Saint Francis de Sales 1567 – 1622
Patron Saint of
Journalists and Writers
Jack London’s legendary dog, Buck and Sergeant Preston’s trusty lead dog, Yukon King helped inspire me to go to Alaska. Two true gentlemen, Judges Peter Page and Bruce Monroe, understood why I had to leave after a lightning flash of a career in Juneau. Between my coming and going were experiences too unbelievable to report easily. For years I dared not even try. Now I have.
My gratitude for this extends to the nurses and staff of the Longmont United Hospital of Longmont, Colorado. Thirty-three years after Juneau, I spent more than nine months in Longmont United with a difficult leg wound. It was in those hospital beds that I began this long-delayed story.
Three staff members were most notable in their contributions to my effort. They all supported my writing this story, begun with pen on lined notebook paper while I was enduring the treatments.
Michael Weerts, a humane human resource director, continually brought peace and caring to the caregivers on the floor. Those angels of mercy were called to do their professional work under the press of personal difficulties and in the face of the arrogant persona of some of the doctors.
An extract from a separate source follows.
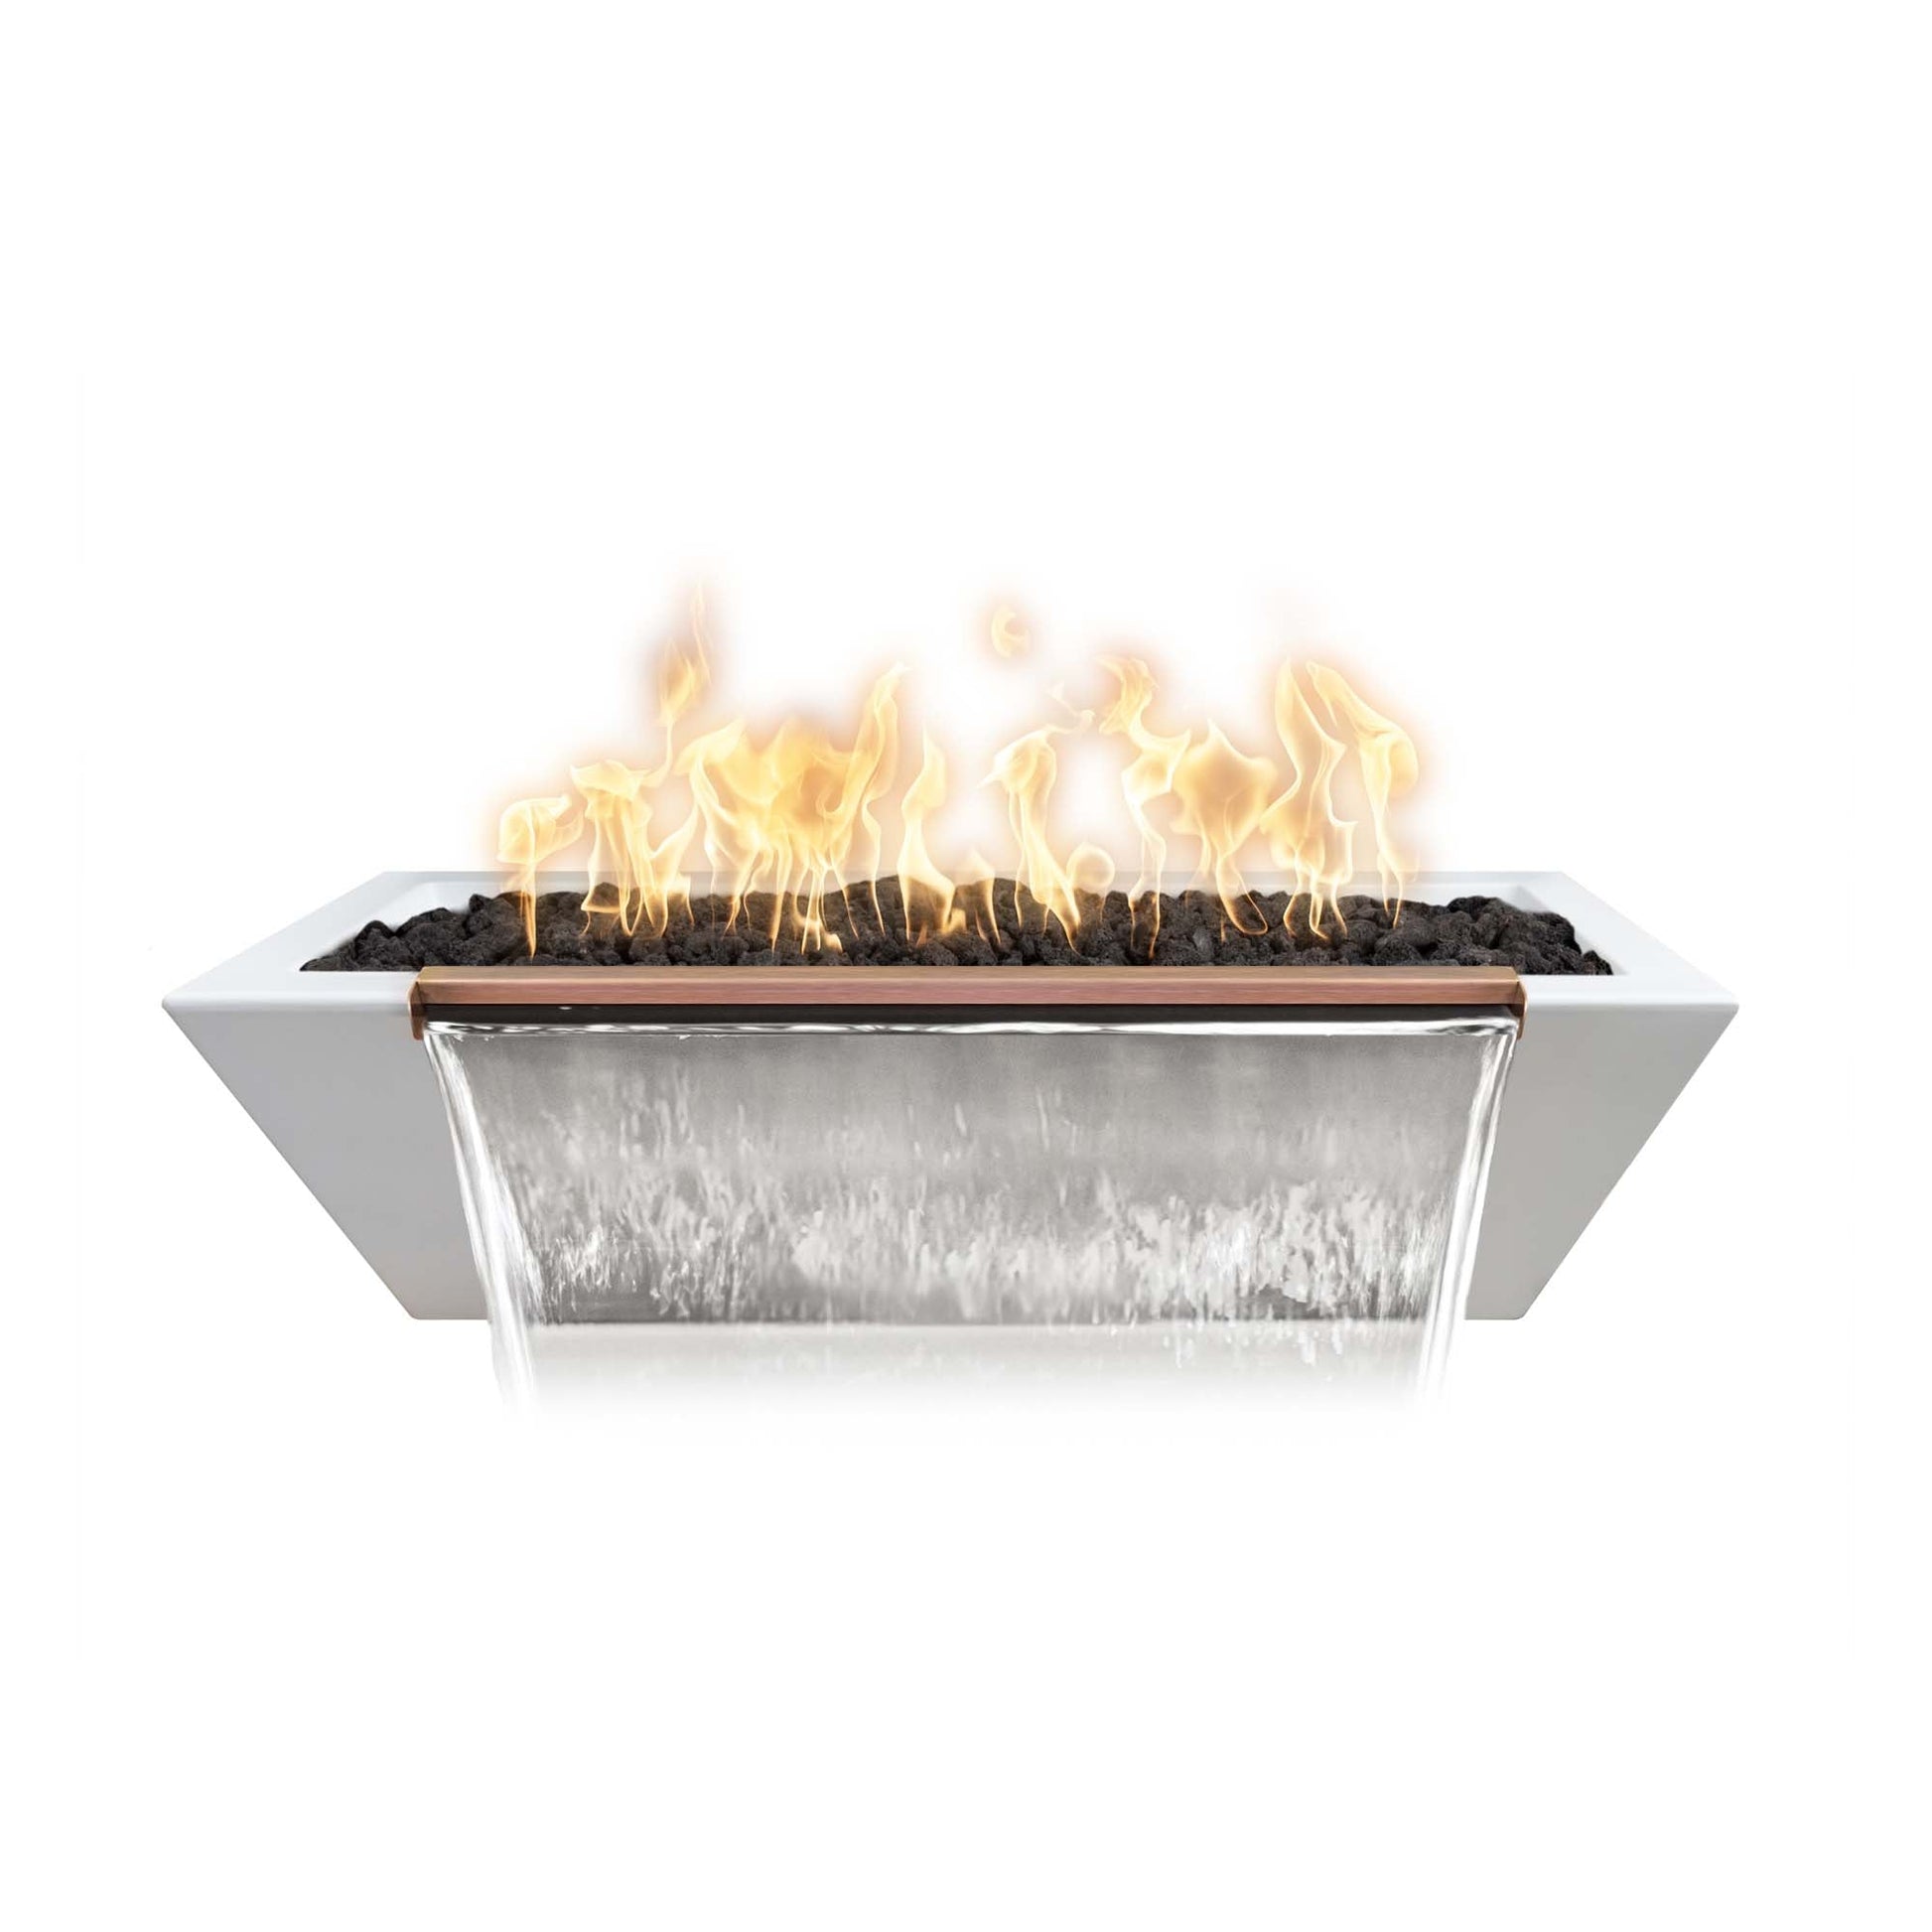 The Outdoor Plus Linear Maya 72" Black GFRC Concrete Liquid Propane Fire & Water Bowl with Match Lit Ignition

Michael’s compassion overflowed the staff and into my life.
Josh Sonka, an unusual maintenance man, first caught my attention when he shared his cultural identity and language with a Polish-speaking hospice patient, who died shortly thereafter. Josh had escaped Communist Poland through the Berlin Wall to become a proud American citizen with an honorable Army service record. He offered encouragement and linguist expertise to my writing. His real life story rivals almost all the novels I have read and probably everything I hope to write.
A third notable was Nancy Cardona, a gifted massage therapist with proud Spanish ancestry. She had left Columbia as a young woman to become an American citizen with a miraculous destiny. Her healing touch helped keep the voracious pain at bay after the traditional morphine injections and numerous pills had failed. It is unlikely that I could have written this without her.
At times I began to doubt that it all happened, the Alaska experience as well as the hospital nightmare. However, I will never let perfect accuracy stand in the way of a good story. Truth in writing sometimes is worn as a loose garment, much like a hospital gown with its opening in the back.